Seminar of Computer Learning - Peter Richtárik (22.10.2021)
Friday 22.10.2021 at 15:30, Lecture room C (online too)
By: Tomáš Vinař
Peter Richtárik (KAUST, Computer and Mathematical Science and Engineering Division):
EF21: A New, Simpler, Theoretically Better, and Practically Faster Error Feedback
Lecture room C, FMFI UK (mode - vaccinated ) or on-line MS Teams
Error feedback (EF), also known as error compensation, is an immensely popular convergence stabilization mechanism in the context of distributed training of supervised machine learning models enhanced by the use of contractive communication compression mechanisms, such as Top-k. First proposed by Seide et al (2014) as a heuristic, EF resisted any theoretical understanding until recently [Stich et al., 2018, Alistarh et al., 2018]. However, all existing analyses either i) apply to the single node setting only, ii) rely on very strong and often unreasonable assumptions, such global boundedness of the gradients, or iterate-dependent assumptions that cannot be checked a-priori and may not hold in practice, or iii) circumvent these issues via the introduction of additional unbiased compressors, which increase the communication cost. In this work we fix all these deficiencies by proposing and analyzing a new EF mechanism, which we call EF21, which consistently and substantially outperforms EF in practice.

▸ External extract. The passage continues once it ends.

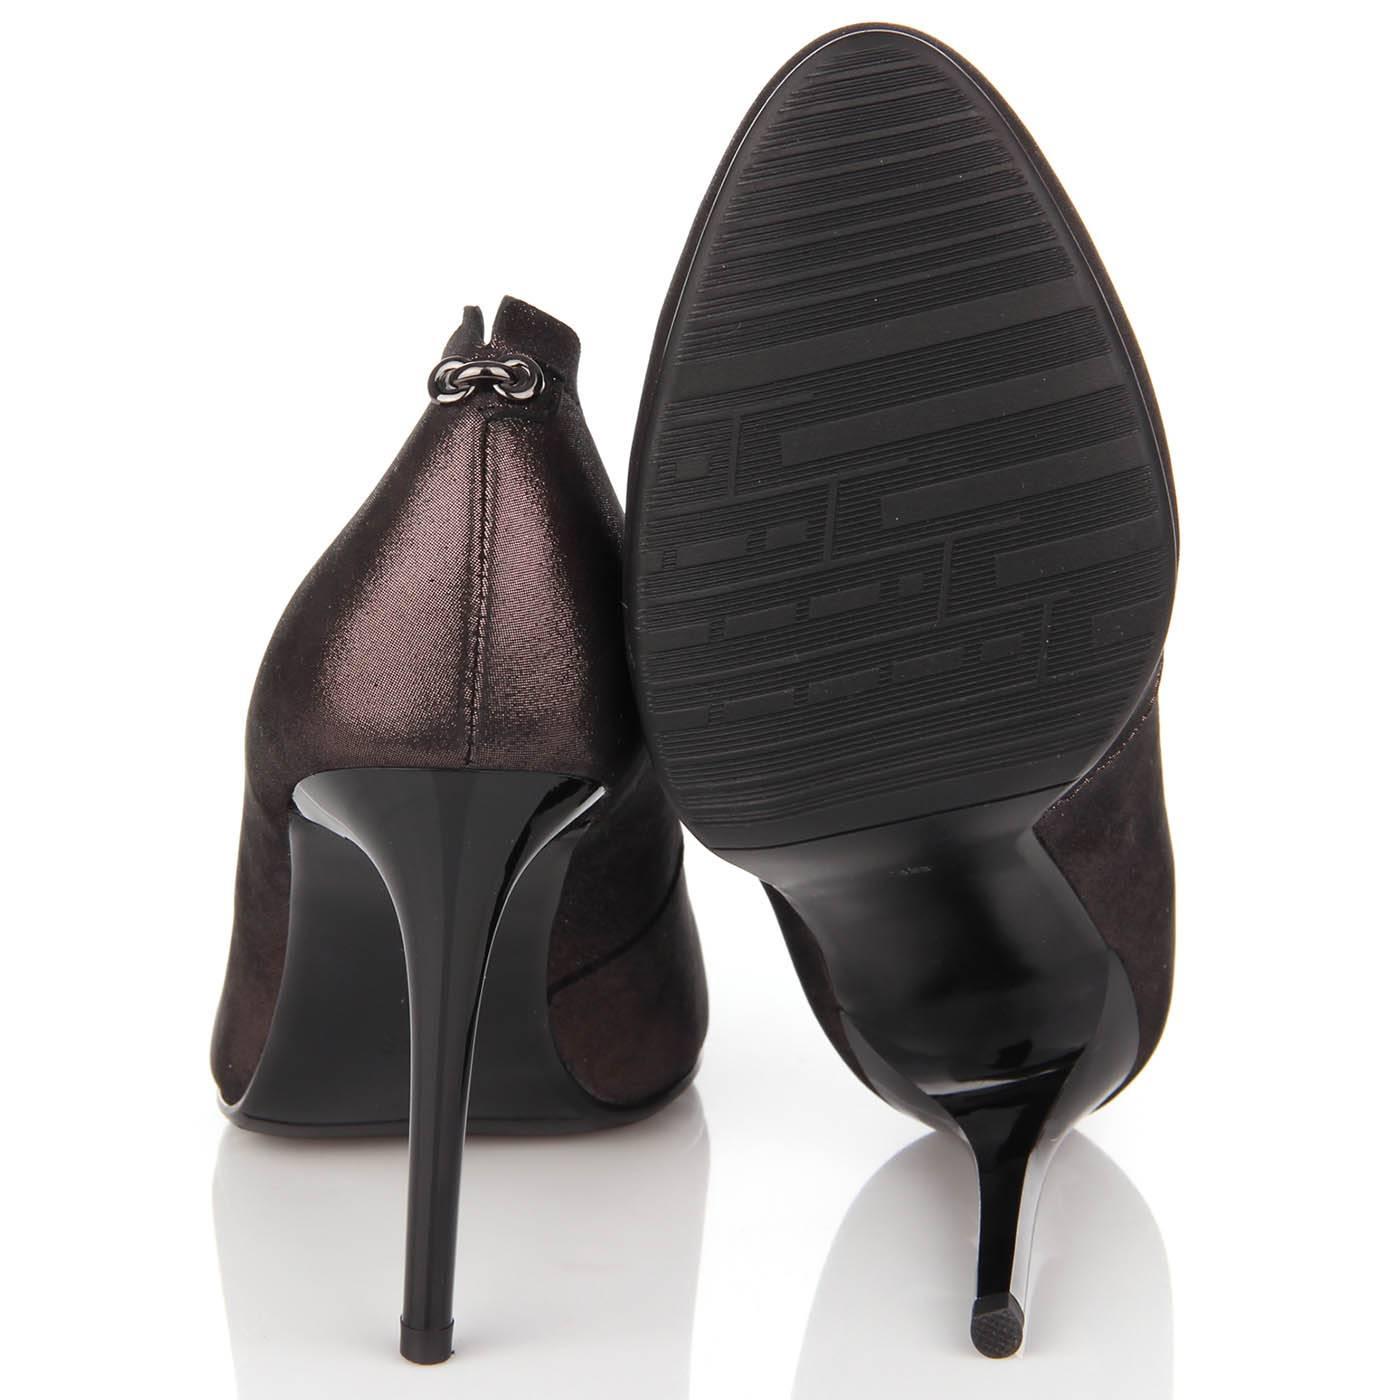 Туфлі жіночі ditto 6875 Бронзовий купить по выгодной цене в интернет ... 60c1c09ab9f46

Our theoretical analysis relies on standard assumptions only, works in the distributed heterogeneous data setting, and leads to better and more meaningful rates. In particular, we prove that EF21 enjoys a fast O(1/T) convergence rate for smooth nonconvex problems, beating the previous bound of O(1/T2/3), which was shown using a (limiting) bounded gradients assumption. We further improve this to a fast linear rate for PL functions, which is the first linear convergence result for an EF-type method not relying on unbiased compressors. Since EF has a large number of applications where it reigns supreme, we believe that our 2021 variant, EF21, can have a large impact on the practice of communication efficient distributed learning.

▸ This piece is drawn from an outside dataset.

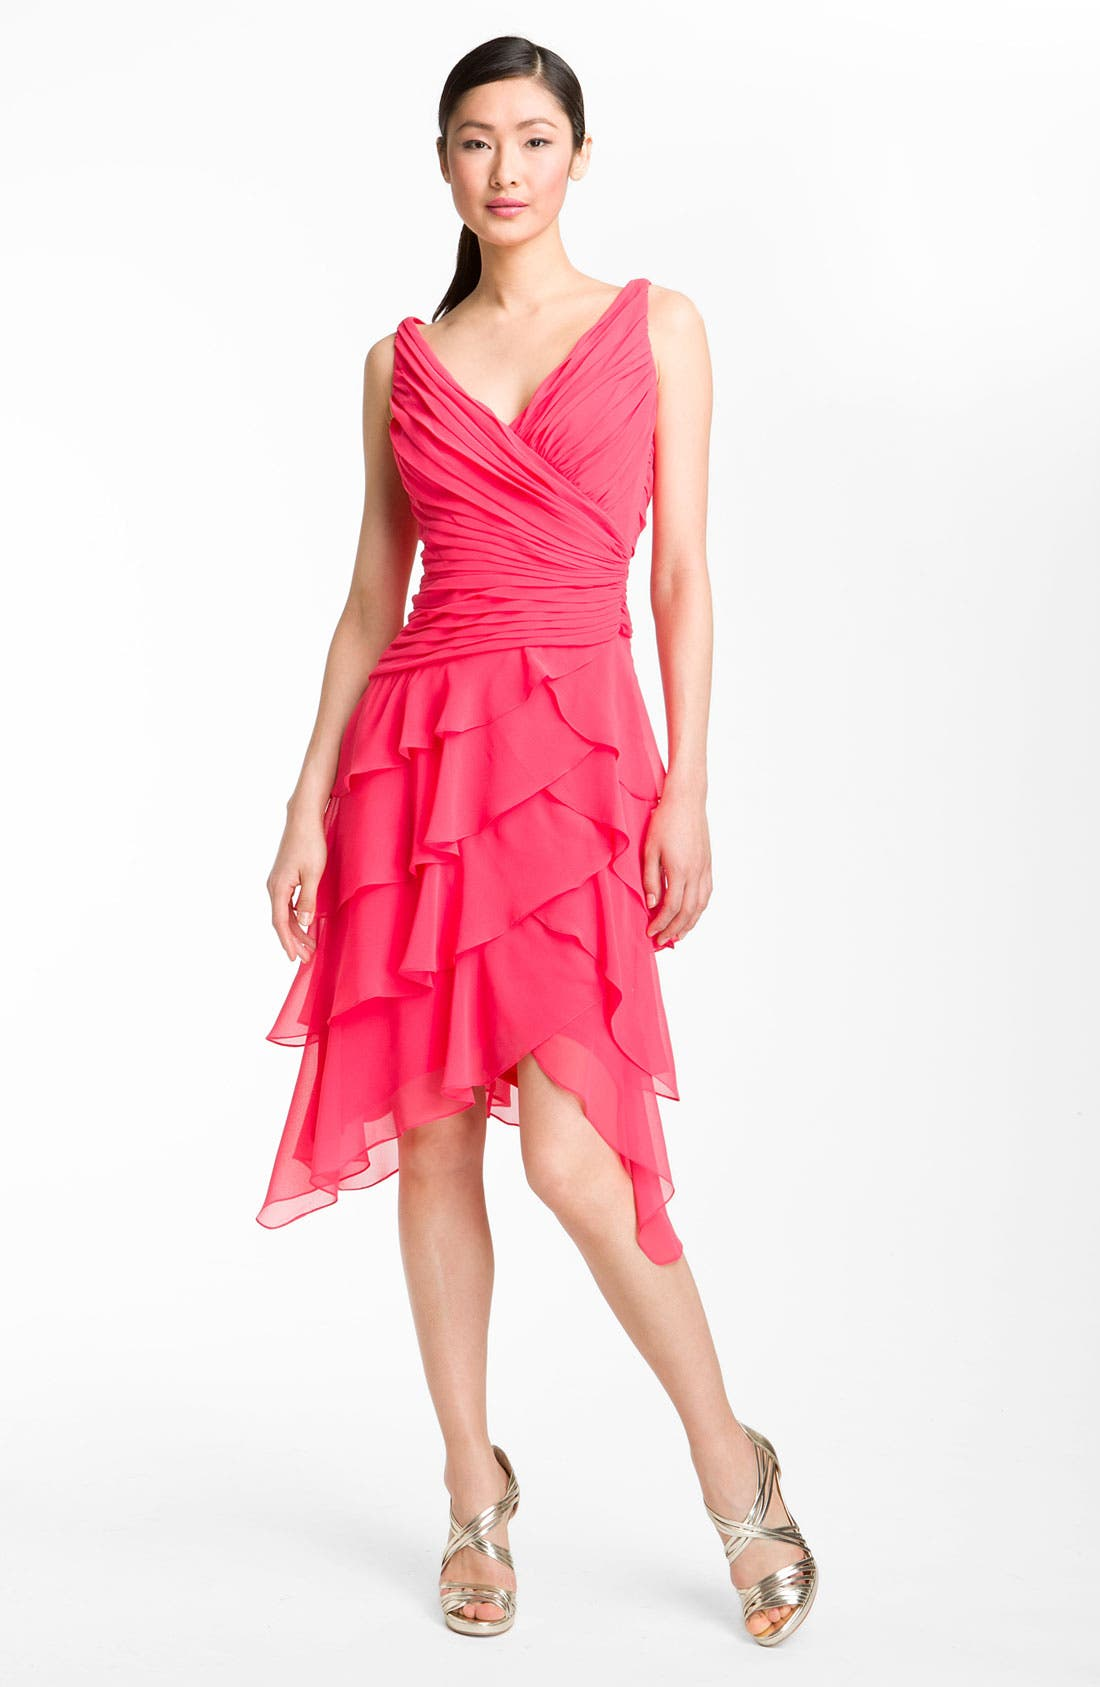 Alternate Image 1 Selected - T by Tadashi V-Neck Tiered Ruffle Skirt Chiffon Dress

Peter Richtarik is a professor of Computer Science at the King Abdullah University of Science and Technology (KAUST), Thuwal, Saudi Arabia, where he leads the Optimization and Machine Learning Lab. Prior to joining KAUST, he was an Associate Professor of Mathematics at the University of Edinburgh, and held postdoctoral and visiting positions at Université Catholique de Louvain, Belgium, and University of California, Berkeley, USA, respectively. He received his PhD in 2007 from Cornell University, USA, and before this, an MS degree in Mathematics in 2001 from Comenius Unviersity, Slovakia. Prof Richtarik’s research interests lie at the intersection of mathematics, computer science, machine learning, optimization, numerical linear algebra, and high-performance computing. Prof Richtárik’s works attracted international awards, including a Best Paper Award at the NeurIPS 2020 Workshop on Scalability, Privacy, and Security in Federated Learning (joint with S. Horvath), Distinguished Speaker Award at the 2019 International Conference on Continuous Optimization, SIAM SIGEST Best Paper Award (joint with O. Fercoq), and the IMA Leslie Fox Prize (second prize, three times, awarded to two of his students and a postdoc).